## YOUR GOAL
Instruction for the entries that follow: retype exactly the lines from the line with "uso del pixel" to the line with "Blåt logo - Footer", both included, and omit all others.

## DATASET
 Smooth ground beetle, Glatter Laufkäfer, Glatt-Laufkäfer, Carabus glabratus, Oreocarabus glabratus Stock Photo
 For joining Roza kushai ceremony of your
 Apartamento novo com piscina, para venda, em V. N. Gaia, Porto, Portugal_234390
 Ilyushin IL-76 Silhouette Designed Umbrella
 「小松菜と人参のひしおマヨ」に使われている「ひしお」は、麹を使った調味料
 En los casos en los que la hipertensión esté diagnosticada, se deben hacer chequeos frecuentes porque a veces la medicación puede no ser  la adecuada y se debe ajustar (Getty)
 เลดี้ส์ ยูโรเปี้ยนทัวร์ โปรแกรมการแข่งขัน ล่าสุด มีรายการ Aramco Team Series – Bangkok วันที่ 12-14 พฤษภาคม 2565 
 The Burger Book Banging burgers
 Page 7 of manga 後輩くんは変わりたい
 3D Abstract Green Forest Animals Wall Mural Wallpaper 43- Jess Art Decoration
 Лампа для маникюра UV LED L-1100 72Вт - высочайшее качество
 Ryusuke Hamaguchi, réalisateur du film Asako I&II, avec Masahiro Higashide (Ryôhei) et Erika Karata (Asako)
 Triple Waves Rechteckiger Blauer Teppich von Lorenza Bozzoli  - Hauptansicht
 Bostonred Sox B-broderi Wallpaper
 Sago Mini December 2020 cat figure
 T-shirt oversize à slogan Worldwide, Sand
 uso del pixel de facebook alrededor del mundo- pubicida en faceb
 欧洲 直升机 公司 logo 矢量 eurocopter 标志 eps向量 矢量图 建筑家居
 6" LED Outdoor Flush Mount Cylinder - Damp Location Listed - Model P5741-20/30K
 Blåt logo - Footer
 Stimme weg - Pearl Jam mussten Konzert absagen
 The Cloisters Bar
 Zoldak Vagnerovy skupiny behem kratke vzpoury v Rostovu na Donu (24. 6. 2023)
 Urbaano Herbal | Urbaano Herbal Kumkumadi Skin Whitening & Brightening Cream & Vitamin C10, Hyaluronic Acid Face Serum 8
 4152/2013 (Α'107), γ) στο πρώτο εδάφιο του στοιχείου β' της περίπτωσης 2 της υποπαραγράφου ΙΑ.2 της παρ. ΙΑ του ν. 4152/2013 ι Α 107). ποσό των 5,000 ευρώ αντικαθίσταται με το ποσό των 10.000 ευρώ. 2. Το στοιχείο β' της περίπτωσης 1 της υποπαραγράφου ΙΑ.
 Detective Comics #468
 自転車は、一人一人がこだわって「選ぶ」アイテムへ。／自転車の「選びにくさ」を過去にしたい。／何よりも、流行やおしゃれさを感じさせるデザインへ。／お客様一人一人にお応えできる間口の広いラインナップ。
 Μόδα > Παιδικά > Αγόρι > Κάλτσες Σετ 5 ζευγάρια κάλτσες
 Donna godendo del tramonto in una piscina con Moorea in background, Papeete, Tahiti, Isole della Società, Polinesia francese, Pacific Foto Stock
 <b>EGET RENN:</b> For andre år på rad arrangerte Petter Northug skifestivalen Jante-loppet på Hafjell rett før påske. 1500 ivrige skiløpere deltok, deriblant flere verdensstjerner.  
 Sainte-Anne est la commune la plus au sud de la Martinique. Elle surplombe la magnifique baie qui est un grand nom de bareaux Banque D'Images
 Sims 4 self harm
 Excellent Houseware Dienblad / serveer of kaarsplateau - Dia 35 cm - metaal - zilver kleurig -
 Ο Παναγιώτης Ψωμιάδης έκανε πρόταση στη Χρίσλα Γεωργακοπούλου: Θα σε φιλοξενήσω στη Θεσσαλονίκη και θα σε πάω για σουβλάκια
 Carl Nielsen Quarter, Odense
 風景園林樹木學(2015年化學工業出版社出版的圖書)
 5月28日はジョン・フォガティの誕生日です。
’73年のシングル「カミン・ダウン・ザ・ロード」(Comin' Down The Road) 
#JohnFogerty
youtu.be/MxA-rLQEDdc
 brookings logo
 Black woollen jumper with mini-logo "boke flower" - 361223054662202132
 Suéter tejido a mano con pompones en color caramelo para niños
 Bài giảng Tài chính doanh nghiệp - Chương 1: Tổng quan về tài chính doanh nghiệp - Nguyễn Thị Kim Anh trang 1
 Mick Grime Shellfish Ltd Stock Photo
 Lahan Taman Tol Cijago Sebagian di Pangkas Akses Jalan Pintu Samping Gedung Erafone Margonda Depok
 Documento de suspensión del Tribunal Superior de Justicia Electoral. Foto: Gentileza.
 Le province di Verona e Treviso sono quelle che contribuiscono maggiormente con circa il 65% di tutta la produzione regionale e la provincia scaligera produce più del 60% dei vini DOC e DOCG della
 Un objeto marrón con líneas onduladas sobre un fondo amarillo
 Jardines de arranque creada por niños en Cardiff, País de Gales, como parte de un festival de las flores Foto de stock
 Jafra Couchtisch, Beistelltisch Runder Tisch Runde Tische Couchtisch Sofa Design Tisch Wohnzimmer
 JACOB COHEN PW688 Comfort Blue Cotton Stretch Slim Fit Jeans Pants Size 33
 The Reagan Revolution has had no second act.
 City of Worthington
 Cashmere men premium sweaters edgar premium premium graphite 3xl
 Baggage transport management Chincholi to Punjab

## WORKED SOLUTION
 uso del pixel de facebook alrededor del mundo- pubicida en faceb
 欧洲 直升机 公司 logo 矢量 eurocopter 标志 eps向量 矢量图 建筑家居
 6" LED Outdoor Flush Mount Cylinder - Damp Location Listed - Model P5741-20/30K
 Blåt logo - Footer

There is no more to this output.